Chris Brogan says give it away, give it away, give it away now

What better to inspire a return to one’s cobweb-ridden blog than spending the morning listening to one of social media’s thought leaders, Chris Brogan?

I attended Brogan’s talk today at Stagepost, organized by JTMarCom. He was promoting and signing his new NYT best-selling book, Trust Agents: Using the Web to Build Influence, Improve Reputation and Earn Trust. As defined by Brogan and co-author Julien Smith, trust agents are the face and voice of an organization on social media platforms who are accessible, authentic and passionate about their work (Think @ManleyatVICC).

Brogan is co-founder of PodCamp, a free, unconference that has served up knowledge sharing surrounding all things Web, communications, technology, etc. to over 10,000 people around the world since the first one three years ago in Boston. (Nashvillians, the next local BarCamp,  kind of the precursor to PodCamp, is scheduled for Oct. 17. If you have any interest in really anything online you want to be there). Brogan is also a Twitlebrity, with over 100,000 people following @chrisbrogan.

Brogan reiterated what we all hopefully know – beneath all the tweets, feeds, status updates, followers and friends, the secret to social media is still 99 percent common sense. Be honest. Be open. Be helpful. Provide useful information. Listen. Listen. Listen. Share. Give credit where credit is earned. Listen some more.

The biggest personal takeaway for me, and perhaps what pushed me back to the page today, was if you find yourself in a rut and not inspired, then stop complaining and seek out inspiration. Find people doing interesting things and engage with them. Learn. Explore.

Some other takeaways – their pith perhaps due to Brogan’s general habit of communicating in 140 characters or less:

The only difference between audience and community is which way you face the chairs.

‘Oh, you’re a blogger? What do you complain about?’

If bacon had a  God, it would be the Rogers Smith Hotel. (Including that more as a note to self for next trip to New York).

Move a needle that involves a dollar sign, and your client never says no again.

Make your customers and your employees your stars. It works every (darn) time.

You have to learn to be brief. Brevity works in all of your business lines.

On balancing personal vs. professional online: People want to see humanity. The business world and the personal world are merging.

Be willing to work with the community, rather than throwing something over the wall to the peasants.

Twitter becomes business development and becomes customer service.

Be there before the sale and get to know the person before you want to sell them something.

Winning is just table stakes for the next game. Don’t sit still.

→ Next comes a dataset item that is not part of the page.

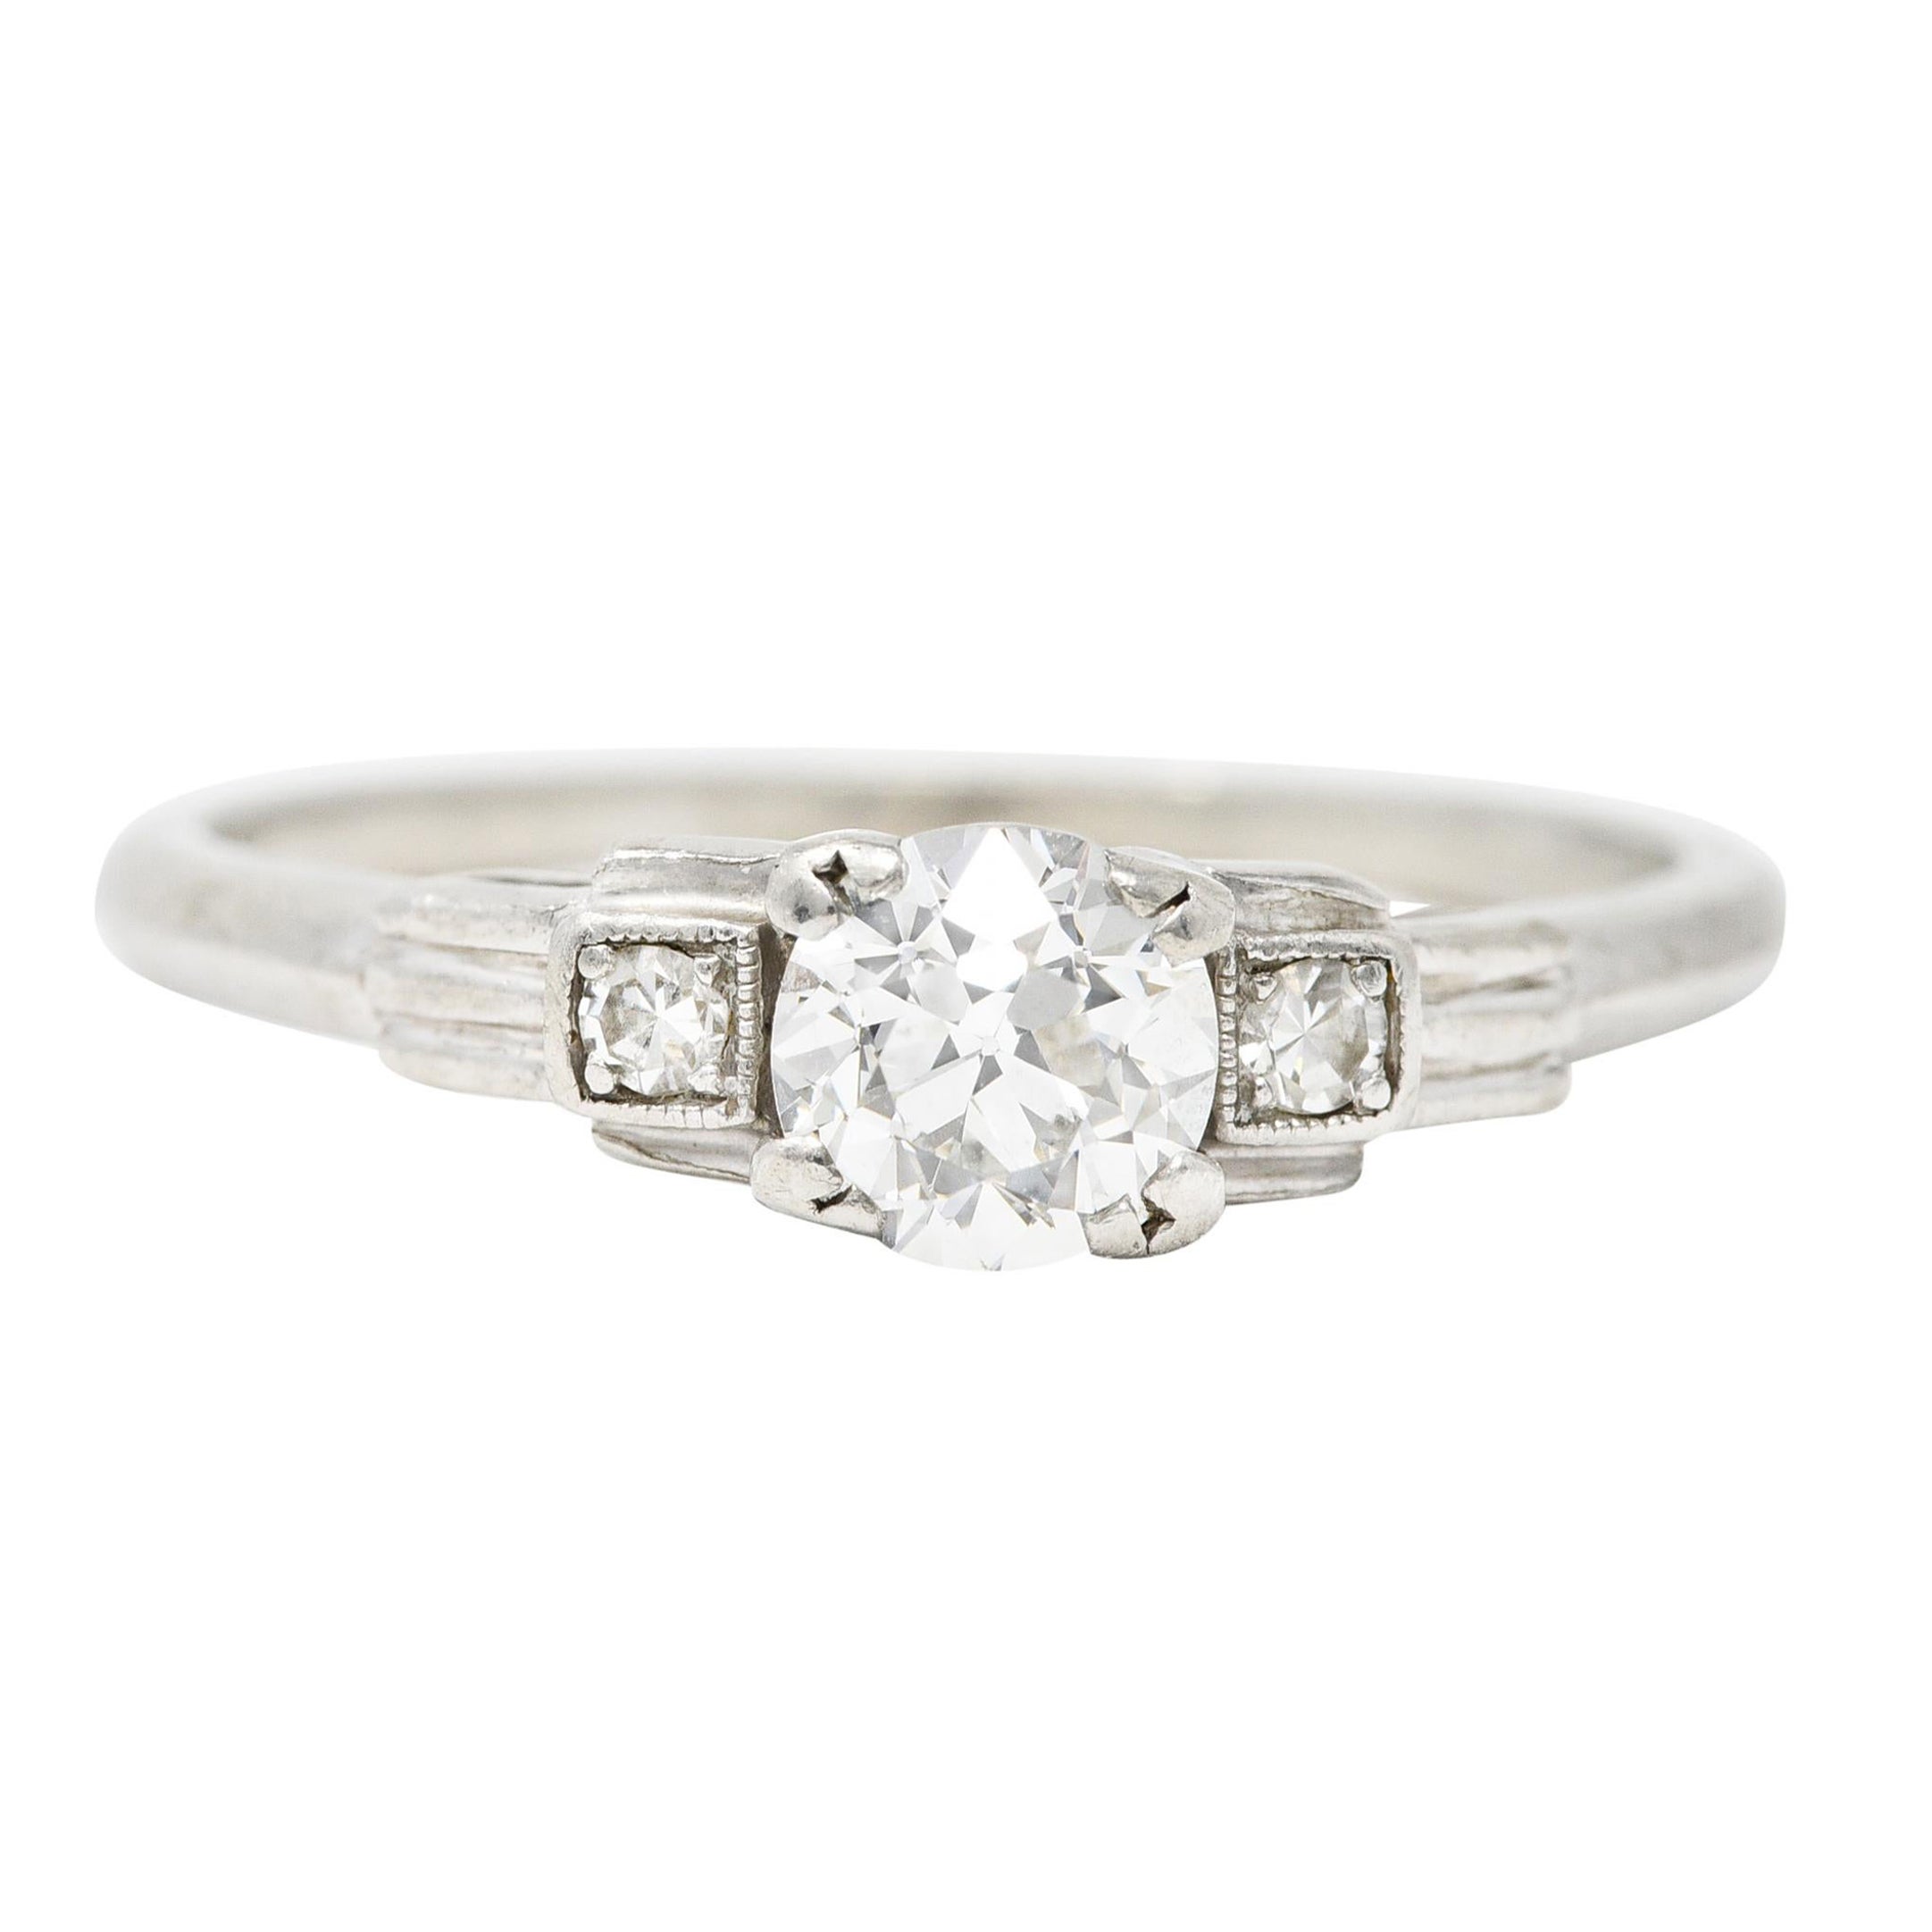 Late Art Deco 0.50 Carat Old European Cut Diamond Platinum Engagement Ring

Be helpful first. Be helpful way more often than you ask for something.

Share instead of hoard.

If you learn how to connect with people the way they want to be connected with, you have the magic trick. Be where your customers are. Grow bigger ears.

Listen at the point of need.

The secret sauce isn’t keeping secrets. Equipping people to win is the secret sauce.

Press releases aren’t dead. How you’re delivering them is dead.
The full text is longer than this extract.